Rin frôle le jeune Anbu en écartant Tamaku, et réprime un frisson.

Bon sang…il dégage toujours la même aura…

Tamaku, avec un grognement mécontent, entreprend de soulever la livrée noire de l'Anbu pour s'occuper de la plaie.

Rin déglutit en apposant ses paumes à même la poitrine de l'homme grièvement atteint.

Les flux de chakra guérisseurs entourent d'une douce auréole bleutée ses mains, puis son patient. Rin sent la fatigue la gagner doucement.

Toucher la peau de quelqu'un dont le simple regard lacère son âme…elle ne s'en sent pas capable.

Un soupir de soulagement s'exhale en même temps des lèvres des deux blessés.

- Voilàààà ! Chantonne Tamaku, sentant bien le malaise ambiant.

Le blessé de Rin s'évanouit enfin, avec un bonheur visible. La kunoichi aux cheveux mauves se relève, chancelante.

Il a fermé sa paupière balafrée. Il évite aussi son regard.

Rin sent ce poids qui a si souvent oppressé sa poitrine revenir à nouveau.
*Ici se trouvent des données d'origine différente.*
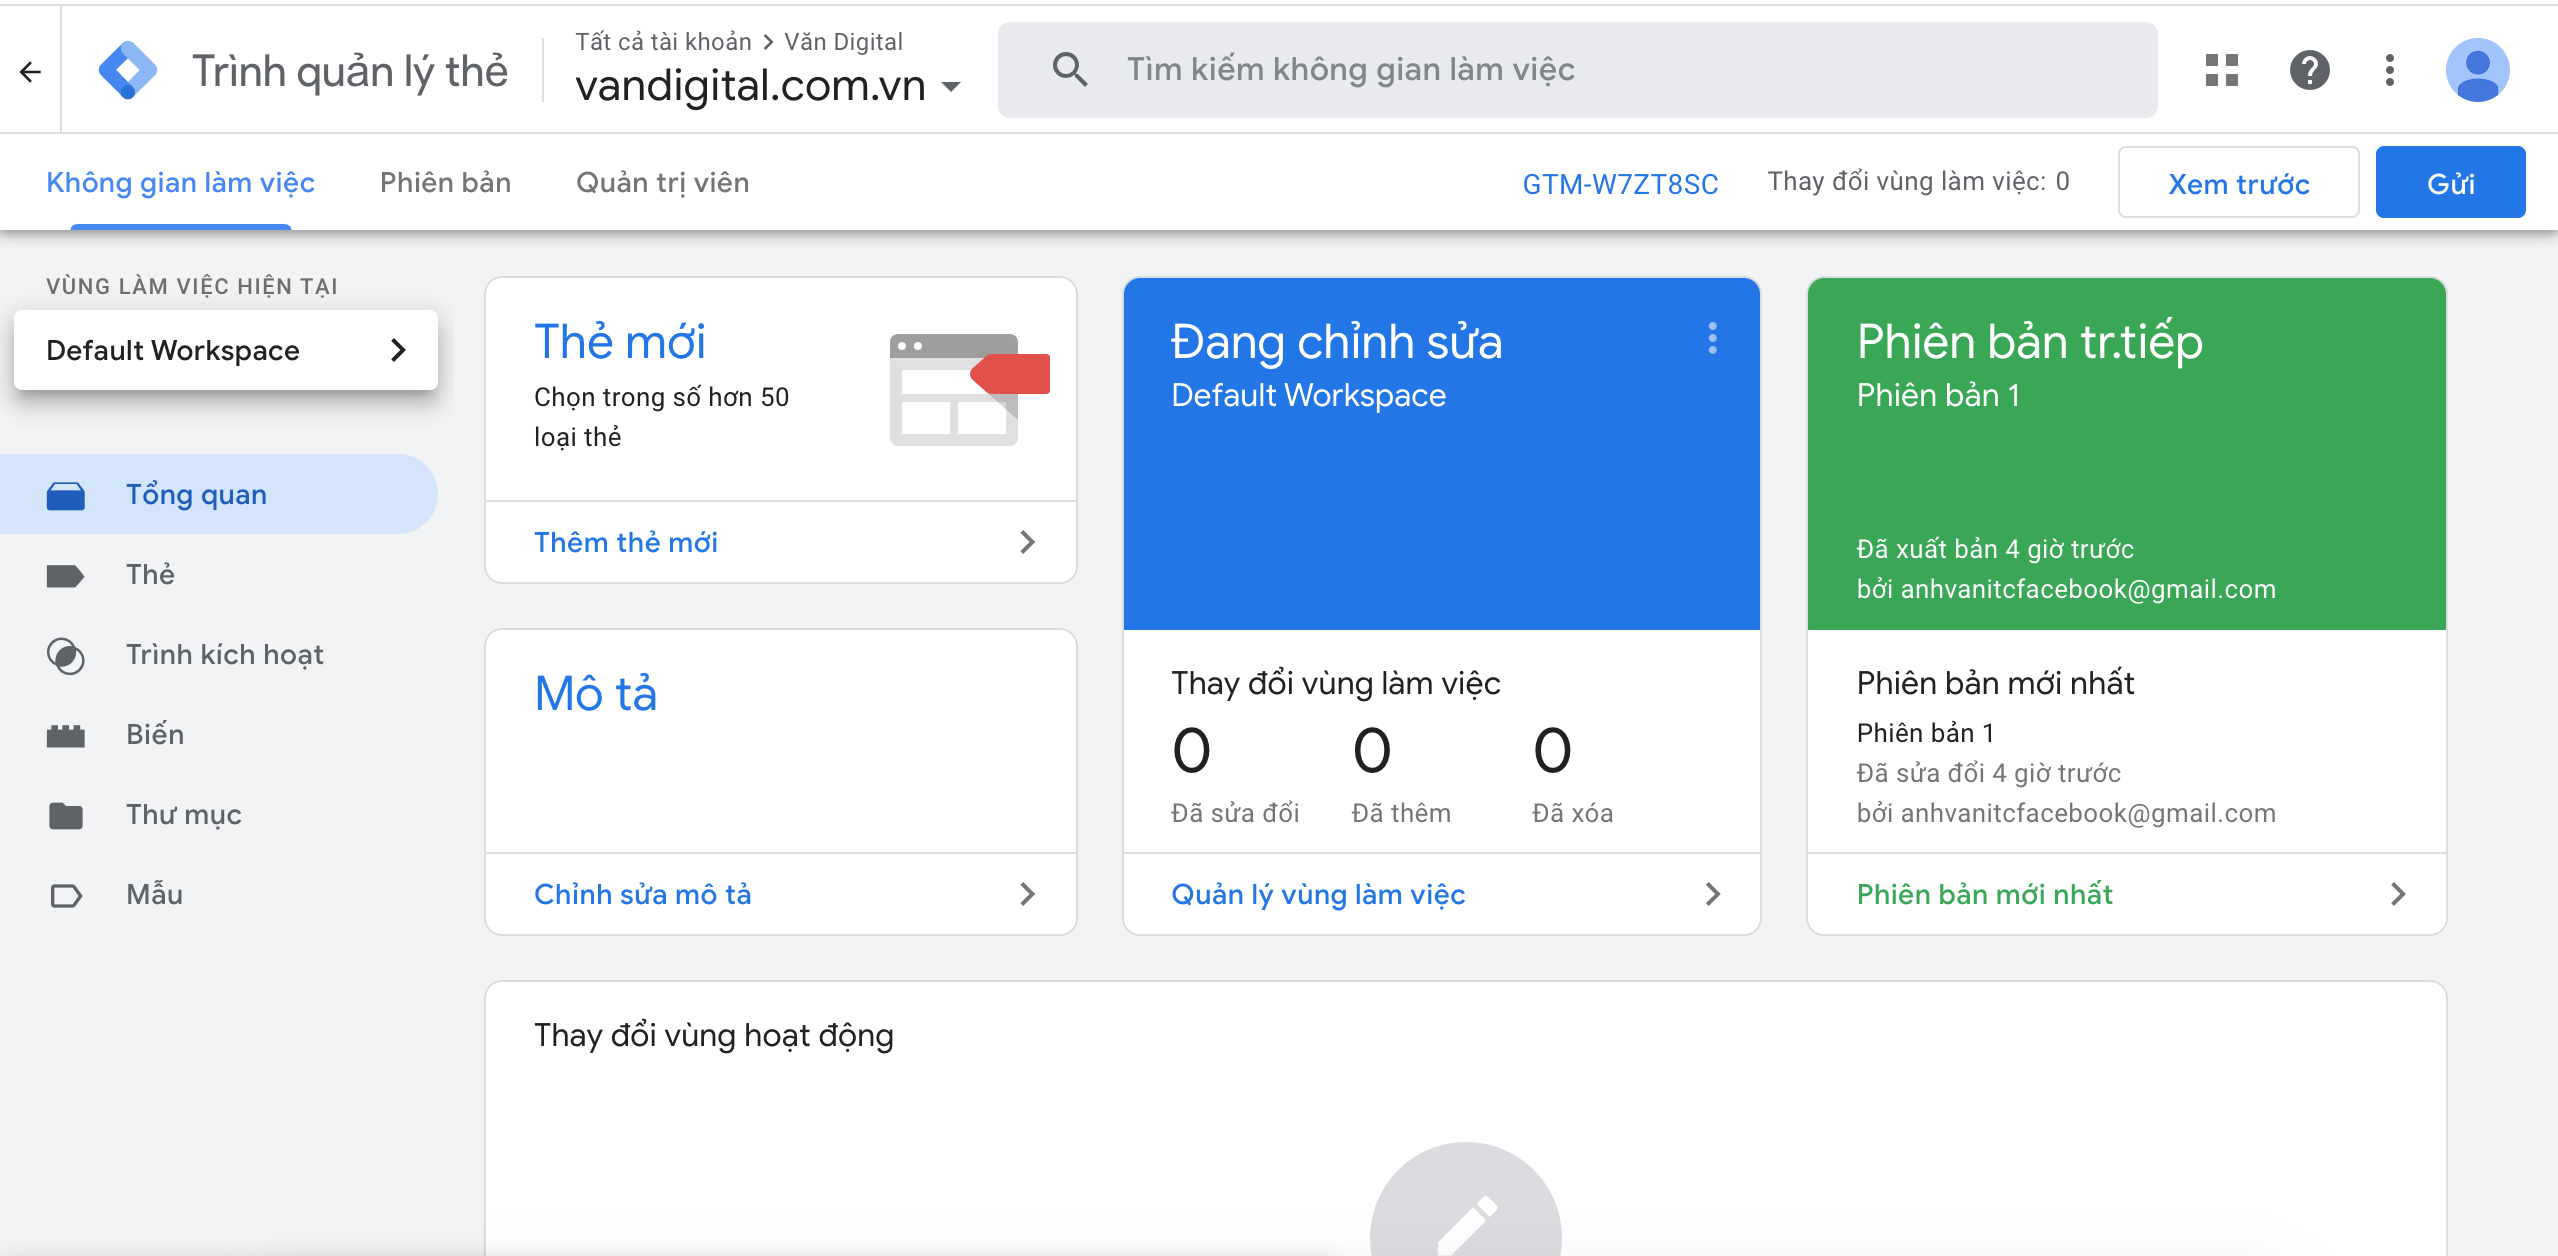 Hướng dẫn cách cài đặt Google Tag Manager cho website 2

J'ai rayé ton nom de mon cœur….Tu t'es arrangé pour oublier le mien…j'ai coupé mes cheveux, laissé maigrir mon visage d'enfant…Tu es entré dès que tu as pu dans cette organisation dont les membres ne peuvent rien éprouver… Alors pourquoi ça ne marche pas ?

Tamaku se retourne une dernière fois avant de voir disparaître les trois Anbu derrière les arbres, là où ils les ont laissé se reposer avant de reprendre leur périple.

Le médecin Shinobi vérifie que Motolo ne peut pas les entendre, puis se penche à l'oreille de Rin.

- Tu connaissais cet Anbu… Pourquoi vous ne vous êtes pas parlés ?

- On ne peut pas…lâche Rin après une hésitation. Par respect pour une autre personne…

Tamaku doit se contenter de cette réponse sibylline.

Il lève les yeux vers le ciel. Un sourire se dessine sur sa figure juvénile.

- Il neige !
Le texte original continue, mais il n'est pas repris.